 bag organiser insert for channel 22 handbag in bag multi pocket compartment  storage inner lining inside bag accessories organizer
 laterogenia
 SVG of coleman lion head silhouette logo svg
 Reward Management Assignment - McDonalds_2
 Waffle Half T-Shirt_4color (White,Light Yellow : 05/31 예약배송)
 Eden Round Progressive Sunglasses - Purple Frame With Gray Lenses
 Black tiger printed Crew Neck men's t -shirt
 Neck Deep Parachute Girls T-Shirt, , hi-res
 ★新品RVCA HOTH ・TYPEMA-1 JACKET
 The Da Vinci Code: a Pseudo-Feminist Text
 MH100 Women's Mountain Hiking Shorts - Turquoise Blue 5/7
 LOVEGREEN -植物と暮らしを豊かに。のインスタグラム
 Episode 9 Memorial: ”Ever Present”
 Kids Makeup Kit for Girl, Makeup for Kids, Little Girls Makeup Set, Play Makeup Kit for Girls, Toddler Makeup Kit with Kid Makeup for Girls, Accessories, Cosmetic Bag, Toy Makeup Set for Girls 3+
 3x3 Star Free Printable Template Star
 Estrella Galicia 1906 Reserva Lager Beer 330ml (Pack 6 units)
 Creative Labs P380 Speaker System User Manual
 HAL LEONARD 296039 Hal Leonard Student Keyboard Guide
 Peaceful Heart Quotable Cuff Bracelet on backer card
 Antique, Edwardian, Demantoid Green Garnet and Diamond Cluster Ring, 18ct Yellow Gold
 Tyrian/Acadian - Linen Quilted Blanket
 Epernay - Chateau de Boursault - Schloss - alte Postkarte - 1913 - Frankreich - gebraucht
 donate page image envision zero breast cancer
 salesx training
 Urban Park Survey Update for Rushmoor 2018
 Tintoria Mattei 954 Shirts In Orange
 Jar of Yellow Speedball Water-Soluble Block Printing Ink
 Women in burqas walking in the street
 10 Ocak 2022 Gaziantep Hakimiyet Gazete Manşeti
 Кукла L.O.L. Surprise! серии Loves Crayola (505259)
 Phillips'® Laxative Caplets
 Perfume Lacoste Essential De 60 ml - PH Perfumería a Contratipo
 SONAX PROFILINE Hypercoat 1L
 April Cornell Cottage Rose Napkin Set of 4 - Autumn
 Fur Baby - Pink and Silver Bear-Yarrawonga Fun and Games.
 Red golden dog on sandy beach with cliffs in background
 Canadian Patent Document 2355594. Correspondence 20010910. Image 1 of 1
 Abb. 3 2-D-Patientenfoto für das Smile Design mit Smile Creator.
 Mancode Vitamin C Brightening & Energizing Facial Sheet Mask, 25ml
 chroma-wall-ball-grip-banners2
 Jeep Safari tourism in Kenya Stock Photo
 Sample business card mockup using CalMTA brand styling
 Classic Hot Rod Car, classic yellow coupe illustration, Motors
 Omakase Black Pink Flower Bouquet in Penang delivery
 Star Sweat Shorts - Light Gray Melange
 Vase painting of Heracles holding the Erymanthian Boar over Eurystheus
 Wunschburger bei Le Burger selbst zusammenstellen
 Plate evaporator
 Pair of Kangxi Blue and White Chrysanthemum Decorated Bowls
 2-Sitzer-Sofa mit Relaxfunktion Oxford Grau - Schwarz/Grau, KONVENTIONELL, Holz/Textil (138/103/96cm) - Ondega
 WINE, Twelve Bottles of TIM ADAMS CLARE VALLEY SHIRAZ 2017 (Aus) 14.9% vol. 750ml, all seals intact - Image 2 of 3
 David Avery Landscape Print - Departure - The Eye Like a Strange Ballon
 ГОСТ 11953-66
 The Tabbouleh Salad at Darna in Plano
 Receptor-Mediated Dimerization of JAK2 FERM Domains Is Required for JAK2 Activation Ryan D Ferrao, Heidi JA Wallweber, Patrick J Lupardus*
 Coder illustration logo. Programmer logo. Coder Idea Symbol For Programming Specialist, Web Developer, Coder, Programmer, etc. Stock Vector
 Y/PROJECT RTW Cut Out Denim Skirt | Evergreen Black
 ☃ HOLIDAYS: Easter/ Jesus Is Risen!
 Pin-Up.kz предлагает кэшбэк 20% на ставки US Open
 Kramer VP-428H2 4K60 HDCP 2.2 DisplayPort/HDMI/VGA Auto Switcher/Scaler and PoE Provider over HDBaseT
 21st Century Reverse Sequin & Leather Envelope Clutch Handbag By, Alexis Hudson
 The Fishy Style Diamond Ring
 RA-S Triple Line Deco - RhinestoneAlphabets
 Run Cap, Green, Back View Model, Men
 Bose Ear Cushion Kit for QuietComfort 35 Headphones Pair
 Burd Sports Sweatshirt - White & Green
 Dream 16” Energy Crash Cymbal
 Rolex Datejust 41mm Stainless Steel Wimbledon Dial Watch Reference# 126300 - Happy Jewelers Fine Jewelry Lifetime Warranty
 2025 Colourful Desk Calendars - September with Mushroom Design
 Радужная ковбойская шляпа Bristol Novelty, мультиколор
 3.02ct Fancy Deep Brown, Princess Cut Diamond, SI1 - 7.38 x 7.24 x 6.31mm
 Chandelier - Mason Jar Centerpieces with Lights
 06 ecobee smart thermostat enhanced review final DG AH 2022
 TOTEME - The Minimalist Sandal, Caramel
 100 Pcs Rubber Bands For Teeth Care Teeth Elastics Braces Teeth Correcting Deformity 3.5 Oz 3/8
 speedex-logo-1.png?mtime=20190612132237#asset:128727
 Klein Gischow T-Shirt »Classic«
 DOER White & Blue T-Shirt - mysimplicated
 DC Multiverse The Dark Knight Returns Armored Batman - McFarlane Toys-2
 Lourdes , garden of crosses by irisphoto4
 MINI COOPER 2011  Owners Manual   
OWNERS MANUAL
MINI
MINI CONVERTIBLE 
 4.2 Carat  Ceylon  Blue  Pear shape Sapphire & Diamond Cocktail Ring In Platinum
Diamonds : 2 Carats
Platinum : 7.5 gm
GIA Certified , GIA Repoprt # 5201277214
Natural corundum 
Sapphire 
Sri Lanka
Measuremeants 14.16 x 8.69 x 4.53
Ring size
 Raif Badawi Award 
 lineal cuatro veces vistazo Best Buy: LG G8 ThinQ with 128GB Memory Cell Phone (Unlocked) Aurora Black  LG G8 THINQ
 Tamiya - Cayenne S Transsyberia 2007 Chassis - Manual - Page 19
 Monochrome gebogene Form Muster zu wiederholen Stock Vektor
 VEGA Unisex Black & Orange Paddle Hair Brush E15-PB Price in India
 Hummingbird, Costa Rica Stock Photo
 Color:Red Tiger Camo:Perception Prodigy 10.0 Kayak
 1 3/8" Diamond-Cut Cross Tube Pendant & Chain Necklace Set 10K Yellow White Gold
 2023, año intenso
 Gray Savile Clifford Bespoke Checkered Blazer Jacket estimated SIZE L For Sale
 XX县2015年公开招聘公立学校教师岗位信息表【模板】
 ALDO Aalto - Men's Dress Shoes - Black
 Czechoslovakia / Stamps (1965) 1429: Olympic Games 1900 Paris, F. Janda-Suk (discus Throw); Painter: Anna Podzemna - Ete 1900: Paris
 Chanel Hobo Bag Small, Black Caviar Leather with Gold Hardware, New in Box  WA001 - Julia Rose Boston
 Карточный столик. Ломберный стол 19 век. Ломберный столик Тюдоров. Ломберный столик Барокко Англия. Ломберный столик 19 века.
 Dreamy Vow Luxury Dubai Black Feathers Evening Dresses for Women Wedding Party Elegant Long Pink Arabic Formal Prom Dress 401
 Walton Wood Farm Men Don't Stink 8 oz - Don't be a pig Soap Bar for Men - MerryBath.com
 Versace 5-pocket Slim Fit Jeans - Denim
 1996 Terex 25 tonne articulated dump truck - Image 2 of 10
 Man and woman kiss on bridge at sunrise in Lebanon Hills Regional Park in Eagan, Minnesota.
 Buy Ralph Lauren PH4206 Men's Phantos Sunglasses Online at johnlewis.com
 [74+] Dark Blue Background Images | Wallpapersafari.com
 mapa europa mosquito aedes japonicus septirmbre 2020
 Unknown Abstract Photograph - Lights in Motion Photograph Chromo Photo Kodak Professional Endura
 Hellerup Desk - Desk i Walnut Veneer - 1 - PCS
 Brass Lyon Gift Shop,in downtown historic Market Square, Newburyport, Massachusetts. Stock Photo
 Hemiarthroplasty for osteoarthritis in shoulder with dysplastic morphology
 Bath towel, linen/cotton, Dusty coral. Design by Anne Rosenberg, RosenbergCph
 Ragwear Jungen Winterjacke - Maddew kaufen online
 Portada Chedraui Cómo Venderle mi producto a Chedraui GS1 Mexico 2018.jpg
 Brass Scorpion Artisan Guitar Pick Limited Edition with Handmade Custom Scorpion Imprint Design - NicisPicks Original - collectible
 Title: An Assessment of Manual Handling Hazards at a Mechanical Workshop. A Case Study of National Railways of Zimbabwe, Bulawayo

________

Of the lines above, extract only those from the line with "Natural corundum" to the line with "Monochrome gebogene Form", both included, exactly as written.

Natural corundum 
Sapphire 
Sri Lanka
Measuremeants 14.16 x 8.69 x 4.53
Ring size
 Raif Badawi Award 
 lineal cuatro veces vistazo Best Buy: LG G8 ThinQ with 128GB Memory Cell Phone (Unlocked) Aurora Black  LG G8 THINQ
 Tamiya - Cayenne S Transsyberia 2007 Chassis - Manual - Page 19
 Monochrome gebogene Form Muster zu wiederholen Stock Vektor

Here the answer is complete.